Blabbing with Bixby on the Samsung Galaxy S8
Every science-fiction movie worth its salt predicts a world where we speak to computers rather than typing in data. Normal conversation is about 150 words per minute, whereas even an expert typist can only type at 90 words per minute. More important, talking is the most basic form of communication. The reality is that there are many technical obstacles to having voice recognition match the ideal of a computer perfectly interpreting the meaning of any user’s verbal instructions.
When Bixby includes Voice, you’ll be able to make a phone call, send an email or a text, search the web, or even update your Facebook status and calendar with voice commands.

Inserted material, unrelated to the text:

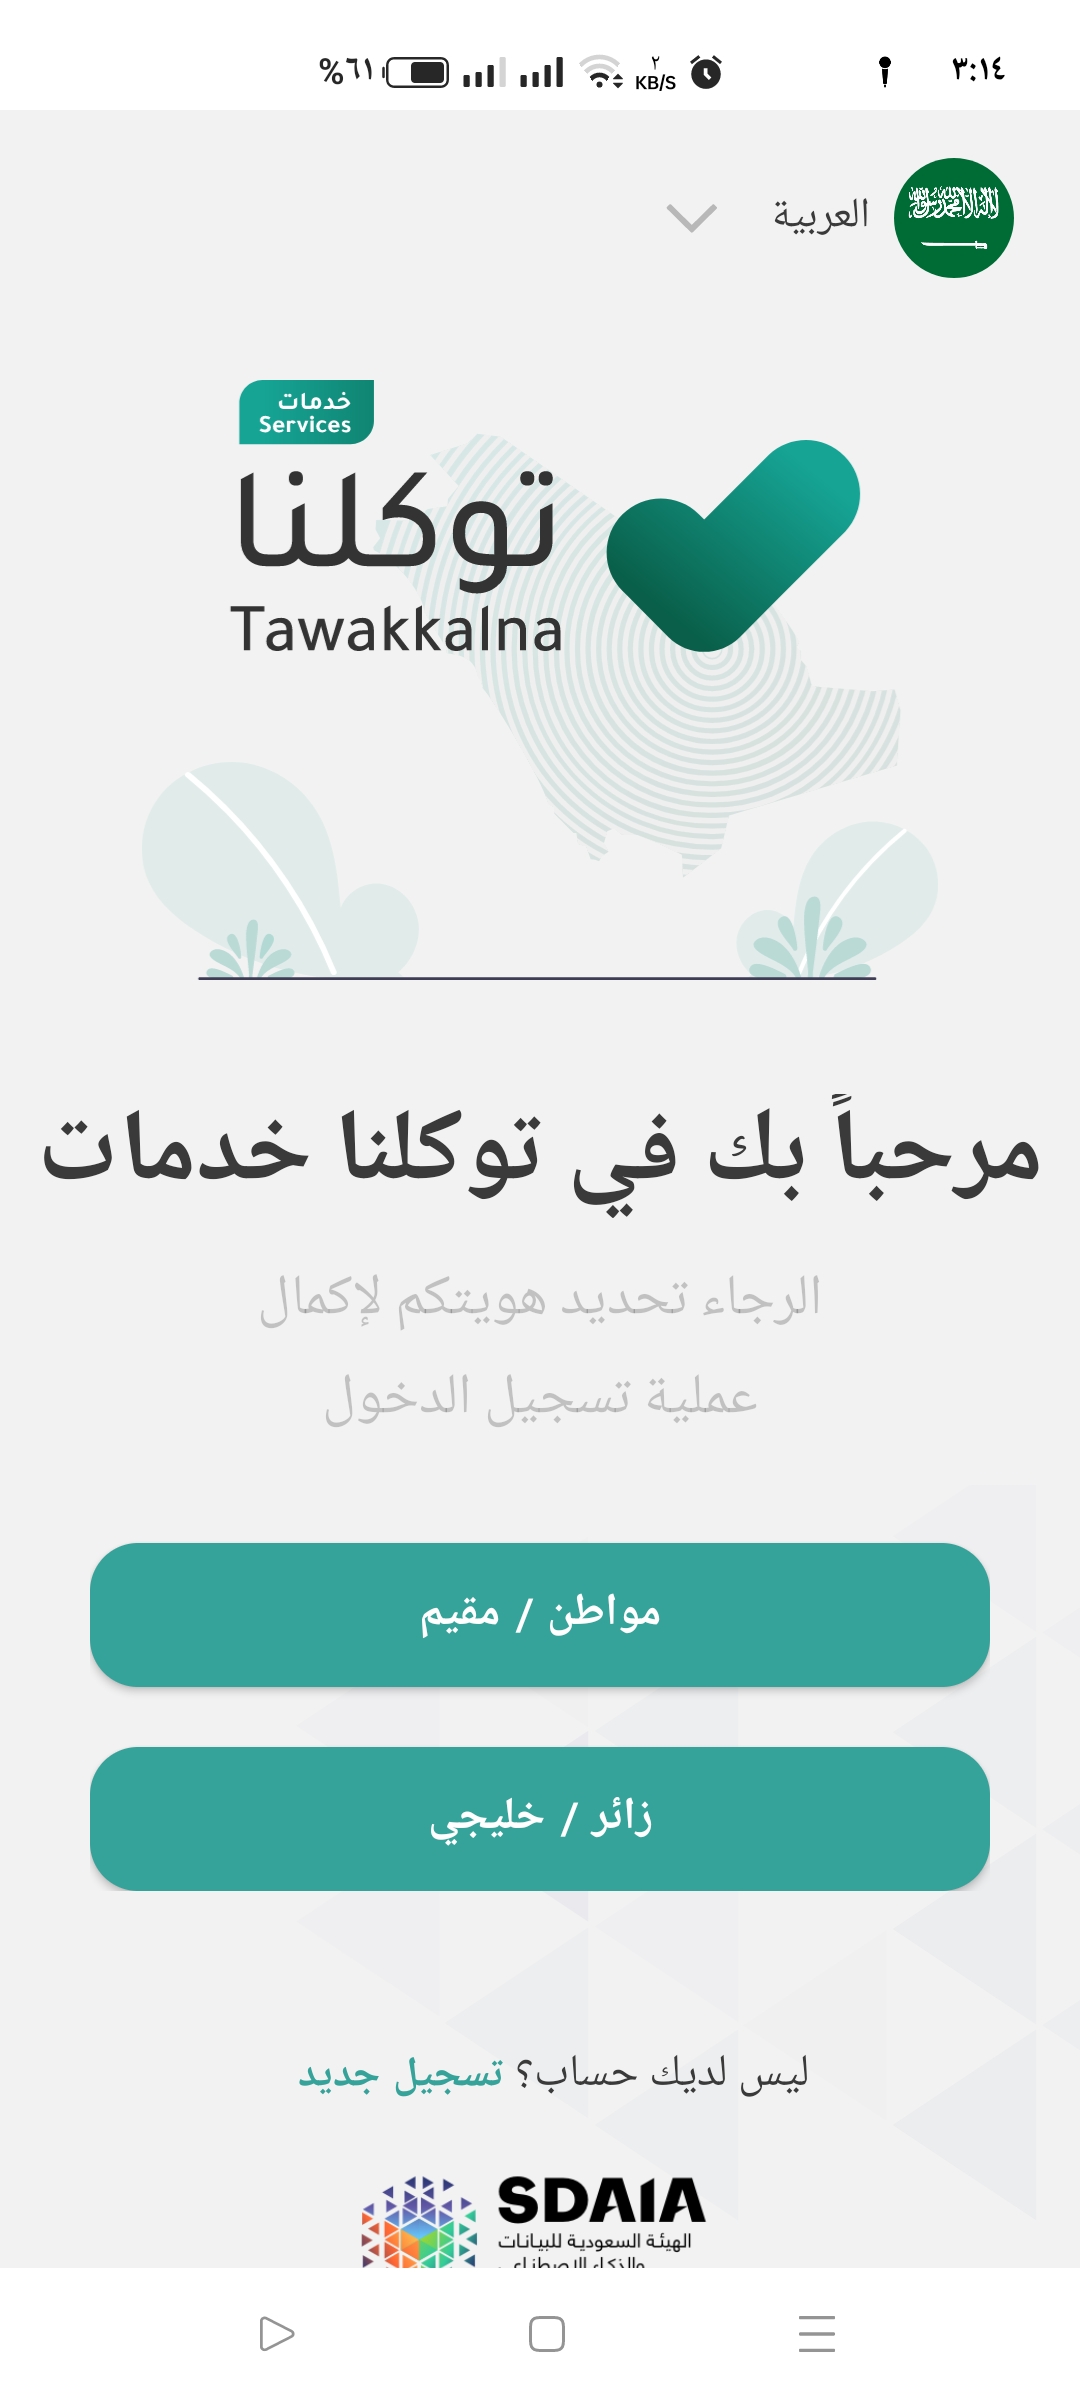 تطبيق توكلنا خدمات بالمملكة العربية السعودية للمواطن والمقيم والزائر رفيقك الرقمي 2022

You may love this capability, or you may find it to be a gimmick and not very useful. Either way, you can have some fun with this.
Say you want to call someone.
In the old days, high-end mobile phones would require you to train the voice-recognition software to understand the basics of how you speak. No more. Just tell it who you want to call, by saying, “Call Bill.”

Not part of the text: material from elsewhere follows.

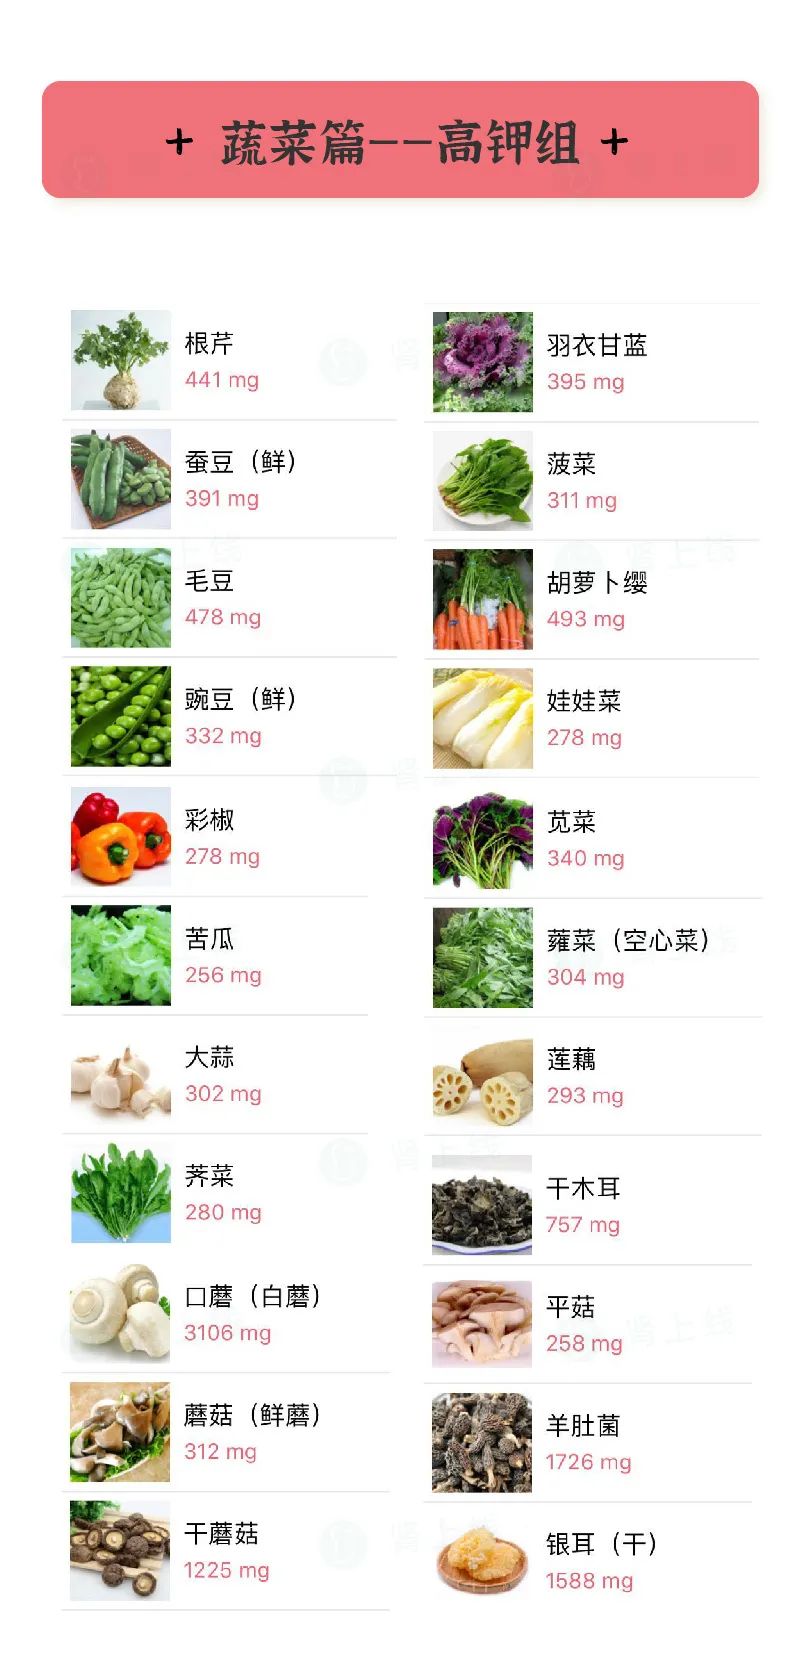 uptodate本文食物数据来源:最新版中国食物成分表(第6版)ps:昨天发

Be ready. In just a moment, it calls Bill. It’s that easy.
However, if you know several people named Bill, your phone asks you (in a semi-pleasant voice) which “Bill” you want to call.
You may have heard of “Siri” on the iPhone. Siri responds to questions you ask it. The Bixby app is the same idea, except it responds to the name “Bixby.”
If you want to call Bill Boyce, a person from your contact list, say “Call Bill Boyce.” Within a moment, his phone rings.
A few pointers for using Bixby. If you hesitate, Bixby assumes that you are not ready to talk and goes into a sleep mode. To wake it up, just say “Hi, Bixby.” It wakes up, ready to resume listening.
To send a text, say the words, “Send a text.” Done. The text screen pops up.
Bixby asks you, “Who would you like to message?” Give the name. It looks up their number from your contact list. In this figure, the name “Ludwig van Beethoven” was spoken. Bixby then asks you for your message. Go ahead and say what you would have typed.
Bixby then converts your words into a message. It displays what it thinks you said in a box similar to the box shown.
Read it before you send it. If it is correct, just say “Send” and off it goes. If it’s incorrect, you can say “Cancel,” and it won’t send that message. You can then try again.